Sanpaku (三白) or sanpaku gan (lit. 'three-white eyes') is a Japanese term referring to a person with visible sclera on three sides of their irises: the normal left and right, plus above or below. The term is most often used in English to refer to a folk belief whereby it functions as an omen or symptom in alternative medicine. It was introduced into English in the mid-1960s by George Ohsawa as a condition supposedly cured by his macrobiotic method.
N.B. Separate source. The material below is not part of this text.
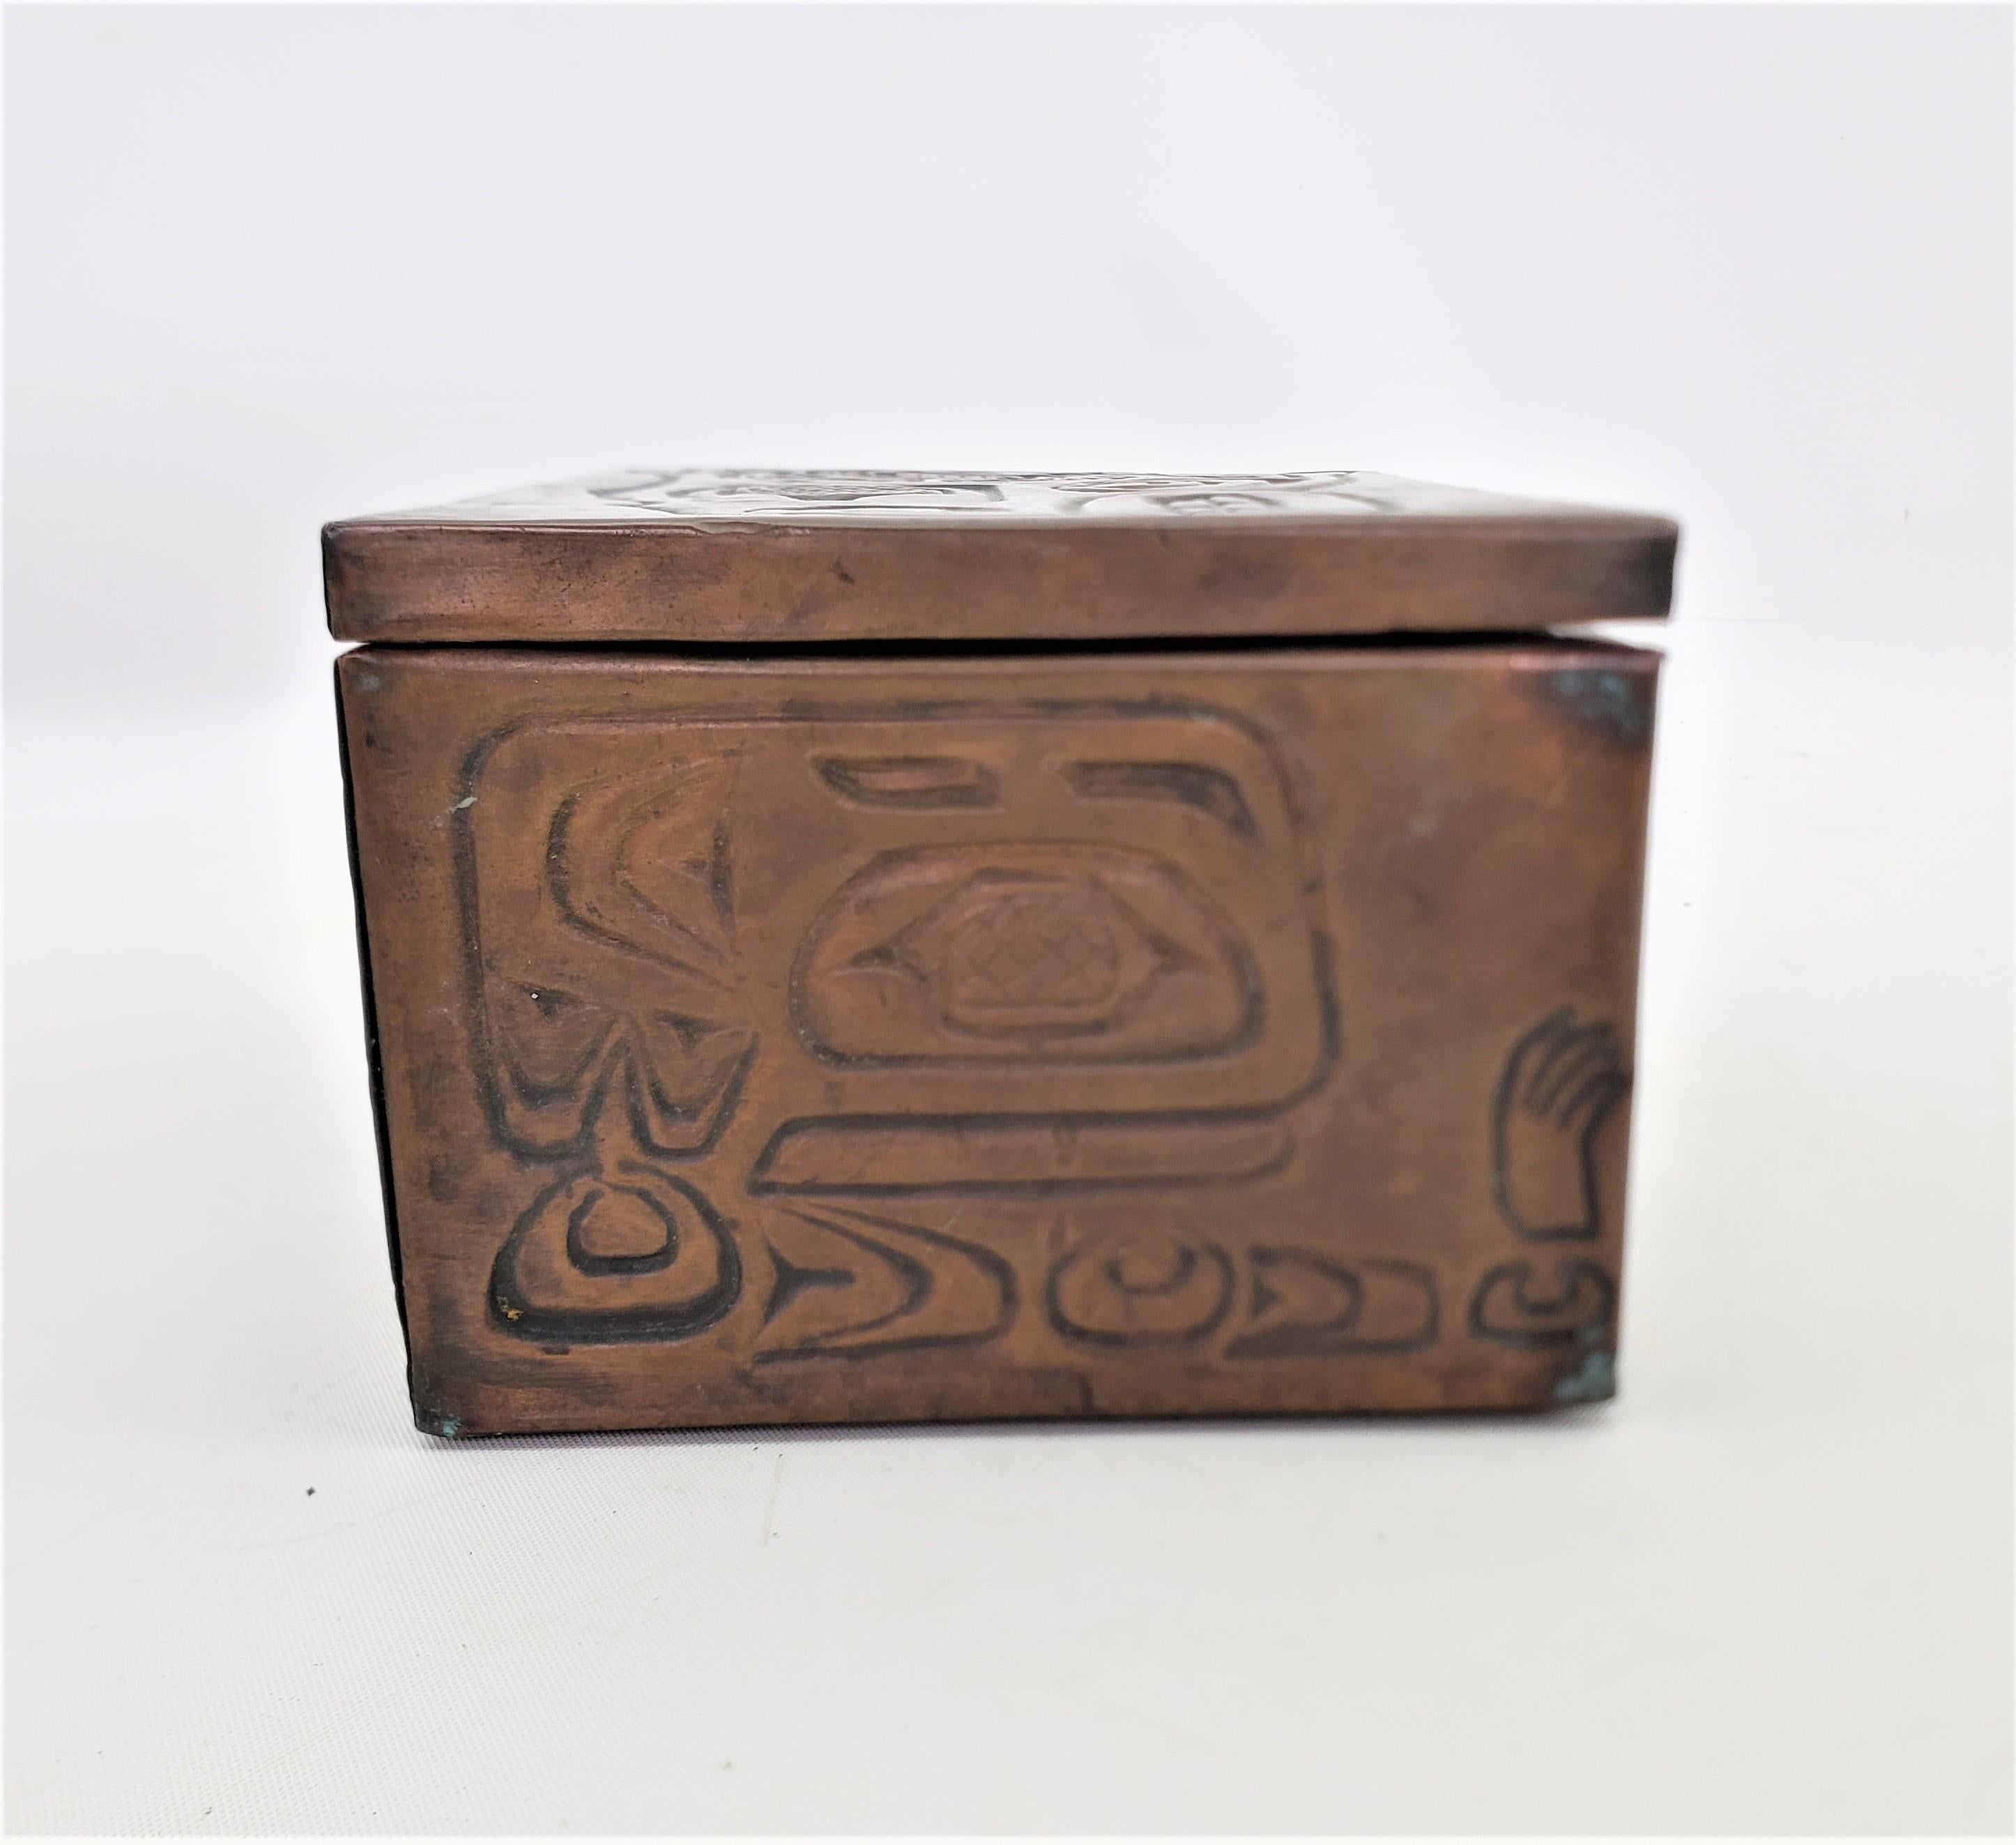 Canadian Mid-Century Era West Coast Haida Styled Copper Covered Box with Repouse Decor

In manga iconography, sanpaku eyes are used to make a character seem dangerous or threatening.

==History==
According to traditional Chinese and Japanese face reading, the eye is composed of two parts, the yin (black, iris and pupil) and the yang (white, sclera). The visibility of the sclera beneath the iris is said to represent physical imbalance in the body, and is claimed to be present in alcoholics, drug addicts, and people who over-consume sugar or grain. Conversely, the visibility of the upper sclera is said to be an indication of mental imbalance in people such as psychotics, murderers, and anyone rageful. In either condition, it is believed that these people attract accidents and violence.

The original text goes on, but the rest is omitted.